North Island brown kiwi on the rise in New Zealand

New Zealand conservationists are rejoicing at the first recorded increase in the North Island’s brown kiwi population, reversing decades of plummeting bird numbers.

Until the last expert assessment of New Zealand birds – which is conducted every five years – every kiwi species was listed as vulnerable or worse.

However, the latest report moves the North Island brown kiwi from ‘at risk – declining’ to ‘not threatened’.

For Michelle Impey, executive director of Save The Kiwi Trust, it is exciting to conclude that efforts to rebuild the population of New Zealand’s iconic native species are working.

“For everyone doing the work, it’s a huge endorsement,” she told AAP.

“For the first time in the history of this program that we’ve been able to salvage, they’re not going down anymore, we have a prediction that they’re going up. That’s extremely important.”

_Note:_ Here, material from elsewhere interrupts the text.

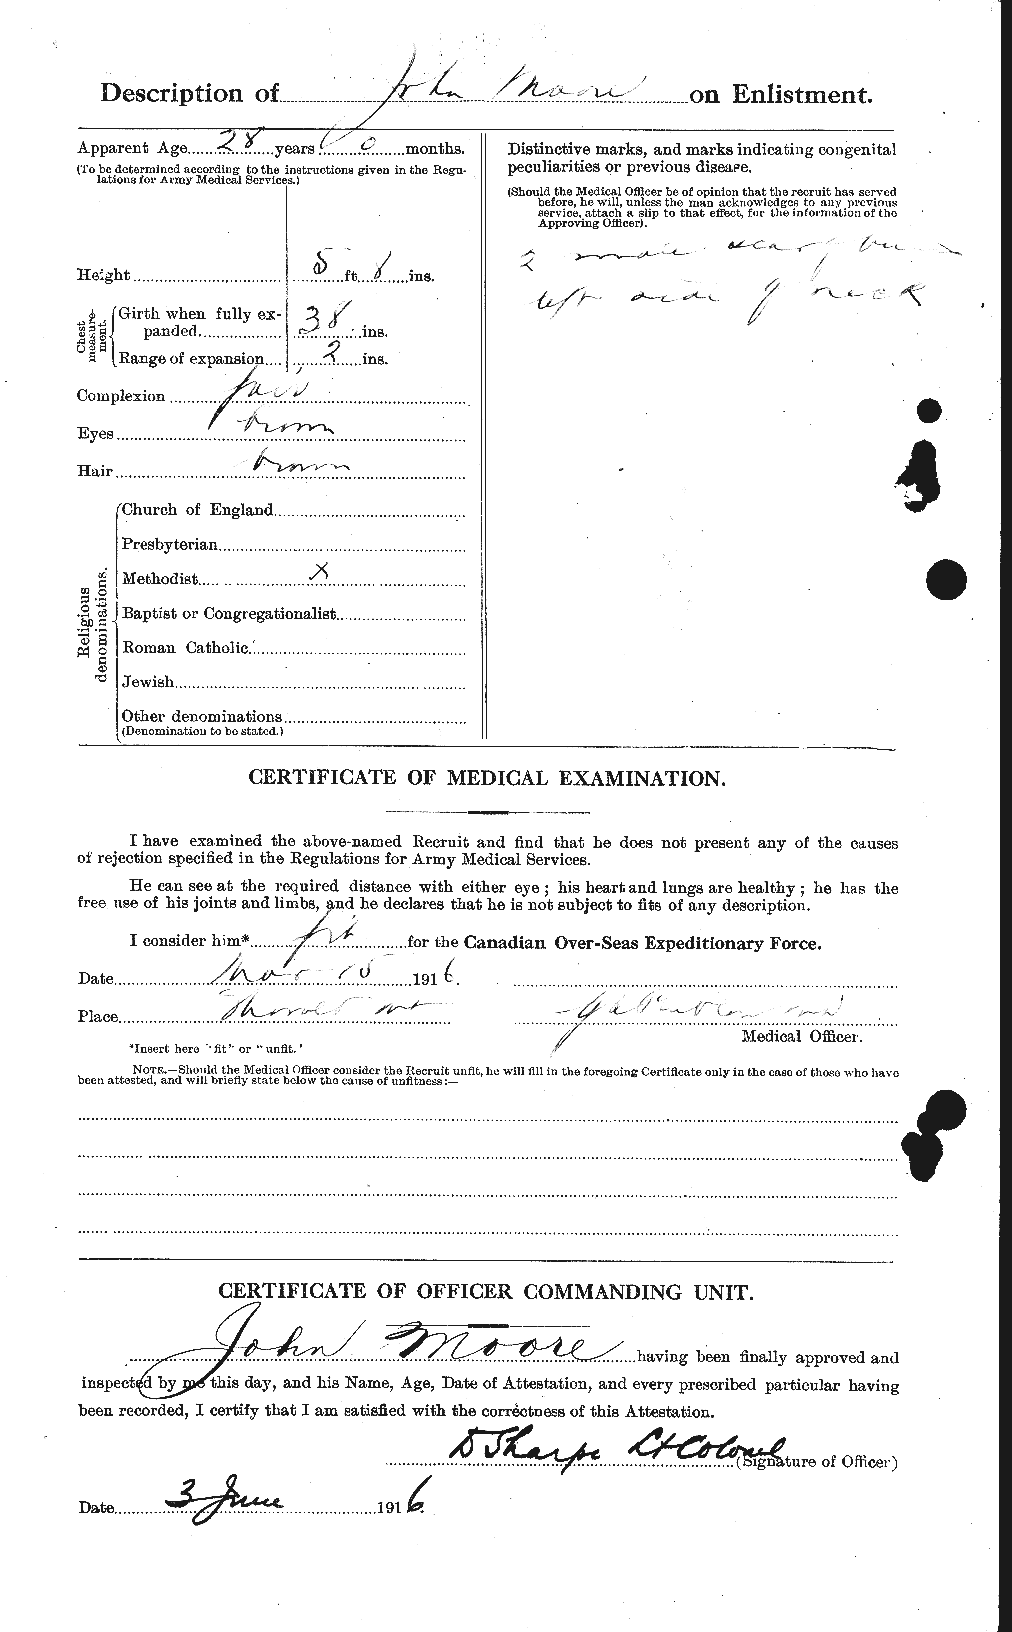 Personnel Records of the First World War - CEF 503228b
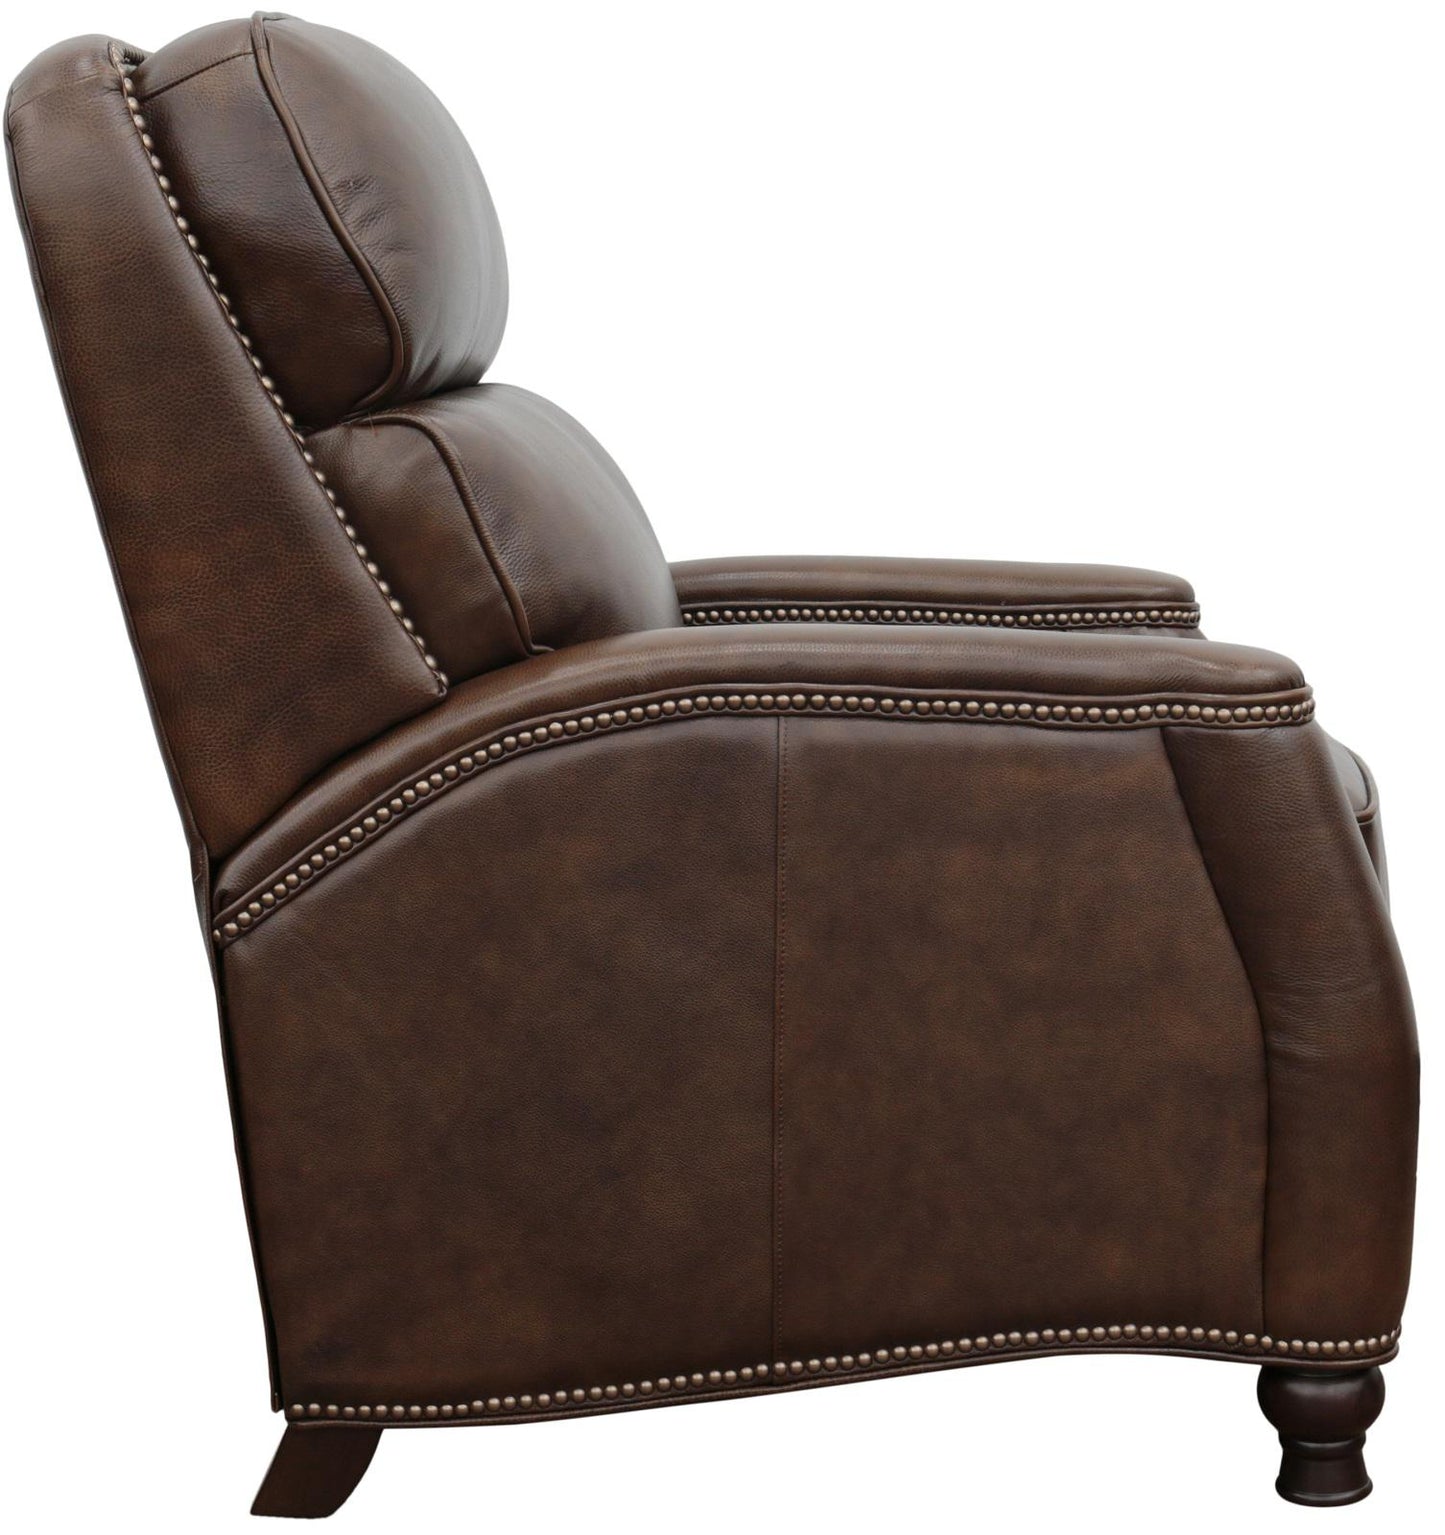 BarcaLounger Townsend Recliner in Wenlock-double chocolate

The Department of Conservation’s chief scientific adviser, Hugh Robertson, goes further, estimating that the species has already fallen from a low threshold of 25,000 birds to around 27,000 to 28,000.

“It’s fantastic…It’s really great for the kiwi that they’ve crossed. There’s still a lot of work to do, but they’re not in the threatened category,” he told AAP .

Dr Robertson has spent three decades monitoring and caring for New Zealand’s unique birdlife and is the lead author of the assessment.

His estimate is that one million kiwis would have roamed New Zealand before human settlement, showing the wild impact of introduced species and habitat loss.

The five species now number about 75,000.

“When I started researching kiwifruit, we didn’t even know what the threats to kiwifruit were,” he said.

“If you asked people 30 years ago, ‘What are the threats?’ you would say habitat loss and dogs…we just didn’t know stoats and ferrets were such a big deal.

Dr Robertson says credit for the turnaround must go to the thousands of New Zealanders invested in saving the country’s favorite bird: keepers, trappers, scientists, donors, landowners and more.

A number of strategies were crucial, including controlling predators.

Kiwis thrived before human settlement, when the only mammals in New Zealand were bats.

European settlers brought a wide range of pests and invasive species, including stoats, ferrets, rats and opossums, which all kill kiwis and other native birds before they develop.

“Stoats are the number one problem for kiwi chicks, so trapping efforts are primarily aimed at stoats and also ferrets where ferrets are found,” says Dr. Robertson.

Deploying the 1080 poison is particularly effective because “the rats will also eat the bait, then the stoats will eat the opossum carcasses, so they get a secondary dose of poisoning.”

Another strategy is Operation Nest Egg, a national program that sees kiwis hatched and raised in captivity and fenced sanctuaries until they are large enough to fend for themselves.

The program, at great expense and effort, increases the likelihood of hatched chicks reaching adulthood by 5% to 65%.

Once the kiwis reach a weight of around one kilogram, they are considered hardy enough to take stoats and are wild-caught.

Dr. Robertson said some of the volunteer efforts were inspiring.

“Hundreds of community groups are trapping and poisoning predators all around the North Island and the results of their work are increasing again,” he said.

“At Taranaki…they now have something like 1300 pairs of kiwis.

“On the Coromandel Peninsula, many community groups are seeing really positive growth and a doubling or tripling of the population since we started management in 2000.”

Local dog owners have also answered the call, holding back their pets to allow the native birds to flourish.

“In a large project at Whangarei Heads, the population has grown from 200 birds to over 1,000,” said Dr Robertson.

“Dogs can wipe out a population very quickly, but the whole community is really supportive of it.

“If someone sees a dog wandering around without a leash or owner tied up, they stop and say ‘you have to tie up your dog,’ or they grab the dog and return it to the owner or to the pound.”

The growth in numbers comes with an important caveat: the North Island brown kiwi is now classified as not threatened but still requires conservation support.

Ms Impey said all five species of kiwifruit still needed support to thrive.

“It’s a very good indicator but…the nagging fear is that people think the job is done. It’s far from it,” she said.

“We rely on sponsors and donors. We have to take this as a pat on the back and keep going.”